At present, the treatment of choice for autoimmune disorders includes immunosuppressants, disease modifying antirheumatic drugs (DMARD) or genetically engineered therapeutics. However, these drugs are associated with the risk of serious adverse events. Regulatory T cells (Tregs) prevent immune responses to self-antigens, keep inflammation in check and thus block the development of autoimmune disorders by inducing and maintaining peripheral tolerance.

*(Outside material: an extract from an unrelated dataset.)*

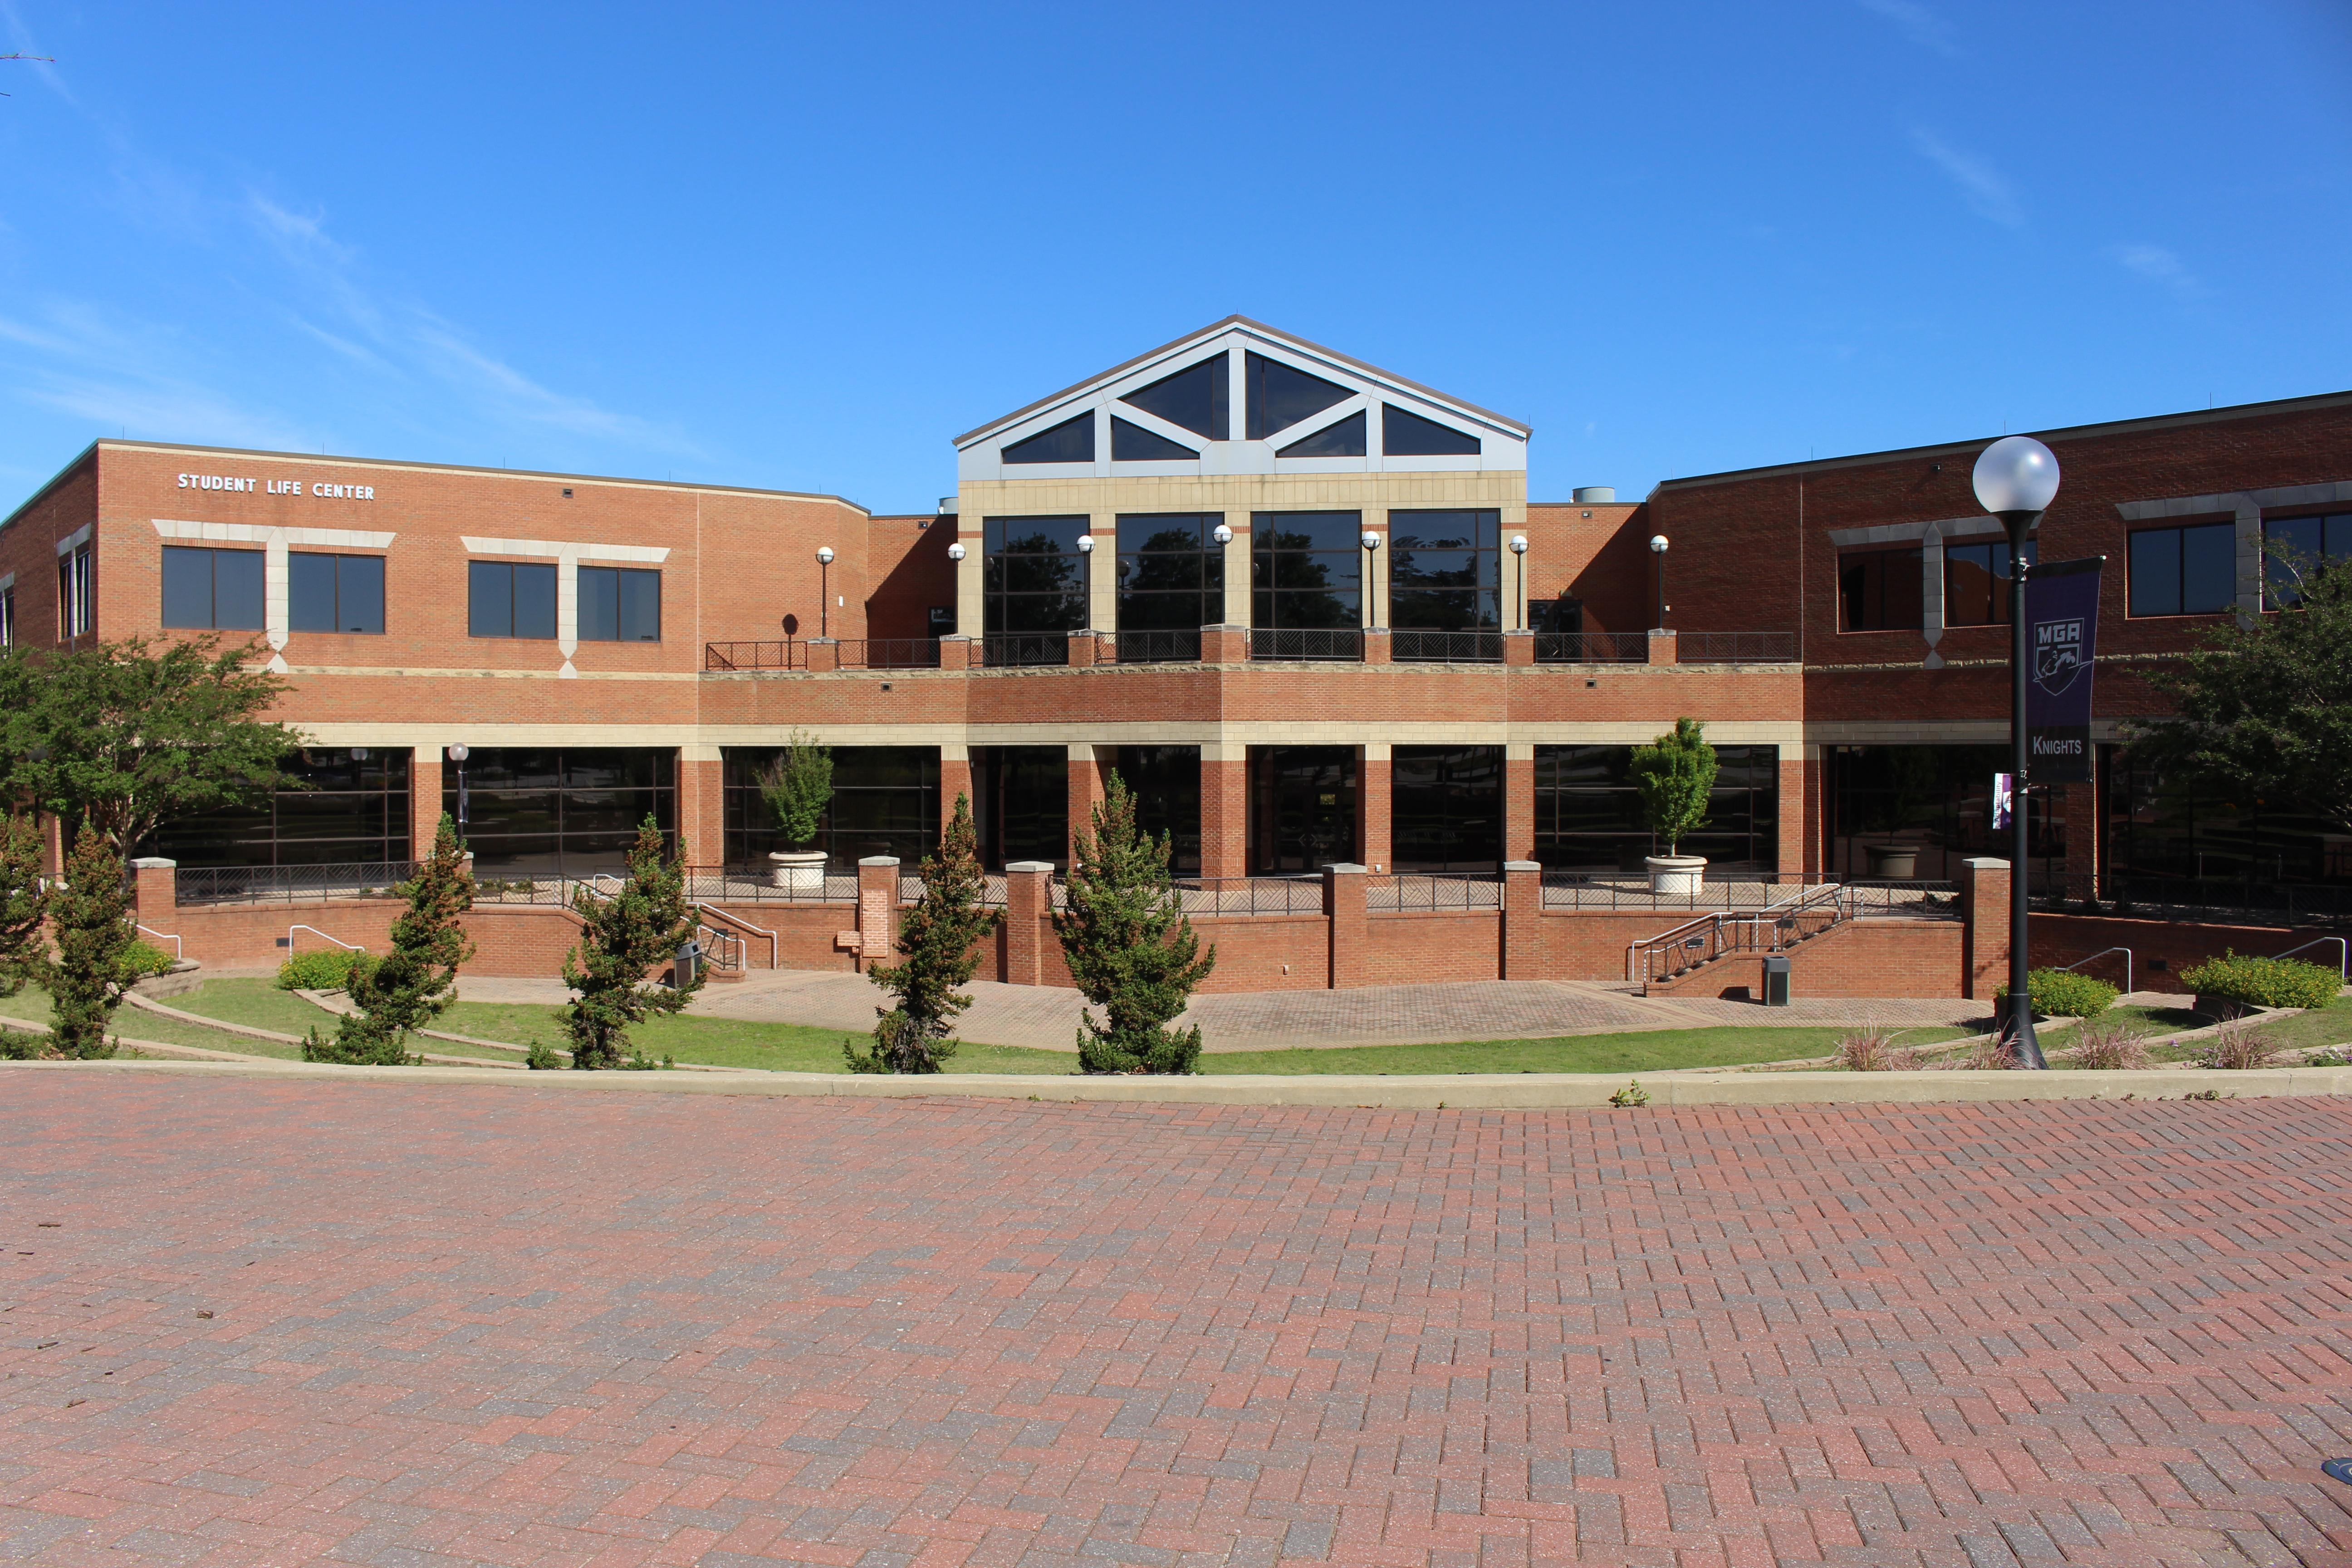 Georgia State University Campus Life

Tregs constitute 3–5% of the peripheral CD4+ Т-cell population and can inhibit activation, proliferation and effector functions of CD4+ and CD8+ Т cells, natural killer cells, B lymphocytes, and antigen presenting cells (APCs) [1]. In patients with autoimmune disorders, Treg levels are aberrant and Treg function is often weakened or impaired [2, 3]. Experiments conducted in the mouse models of autoimmune diseases have demonstrated that adoptive transfer of Treg cells isolated from healthy mice has a good therapeutic effect [4]. The positive outcomes of preclinical trials have raised hopes for Treg-based approaches to the therapy of autoimmune diseases.
The current state of research in the field and the limitations of the existing treatments for autoimmune disorders dictate the need for novel, highly specific, safe and effective approaches. We believe that Tregs can become the key component in the combination therapy of autoimmune disorders once the existing technical hurdles are overcome.
Based on the results of research and clinical trials, we offer our opinion on the prospects of harnessing Tregs for treating autoimmune diseases, assess challenges facing this approach and offer potential solutions.

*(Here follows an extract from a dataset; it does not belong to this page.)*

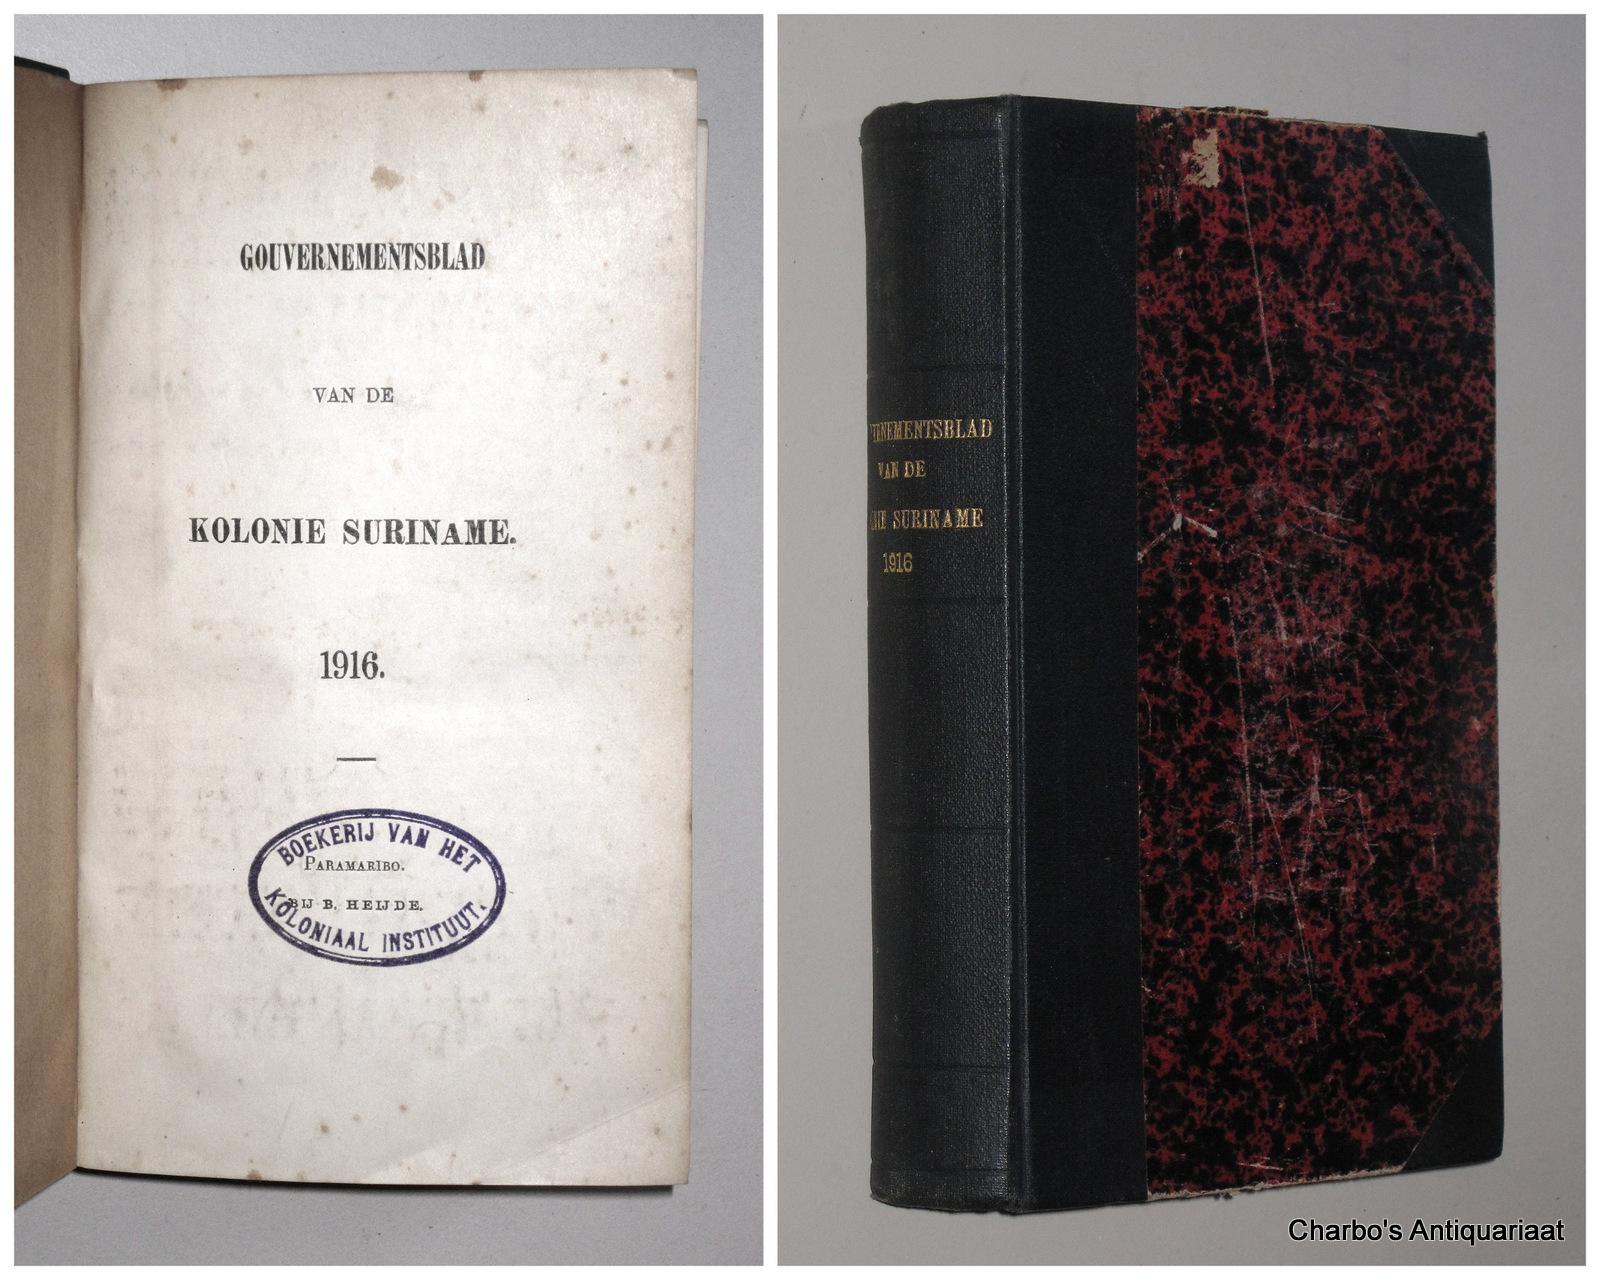 SURINAME. -  Gouvernementsblad van de Kolonie Suriname 1916.

Regulatory T cells and suppressive mechanisms  

The key Treg markers are CD25 (a membrane antigen) and FOXP3 (an intracellular transcription factor). FOXP3 expression enables Tregs to exert their suppressive function [5], whereas CD25 is an IL2 receptor α-chain, whose expression is correlated with proliferation and differentiation of Tregs [6].
Treg differentiation occurs in the thymus and peripheral tissues. After leaving the thymus, Tregs migrate into the blood stream and to peripheral lymphoid organs during the first 2 or 3 days of their life [7], where those with the CD4+FOXP3– phenotype can further differentiate into induced Tregs that actively express FOXP3 (CD4+CD25+FOXP3+).
Tregs exert their suppressive activity against immunocytes either via direct contact with the latter or by secreting bioactive molecules. There are 4 major mechanisms involved: a direct cytotoxic effect mediated by PD-1/PD-L1, OX40/OX40L and granzyme B; induction of metabolic changes in the target cells (CD25, CD39, tryptophan); secretion of inhibiting cytokines (IL10, TGFβ and IL35); suppression of APCs (CD80 and CD86/ CTLA-4) [8].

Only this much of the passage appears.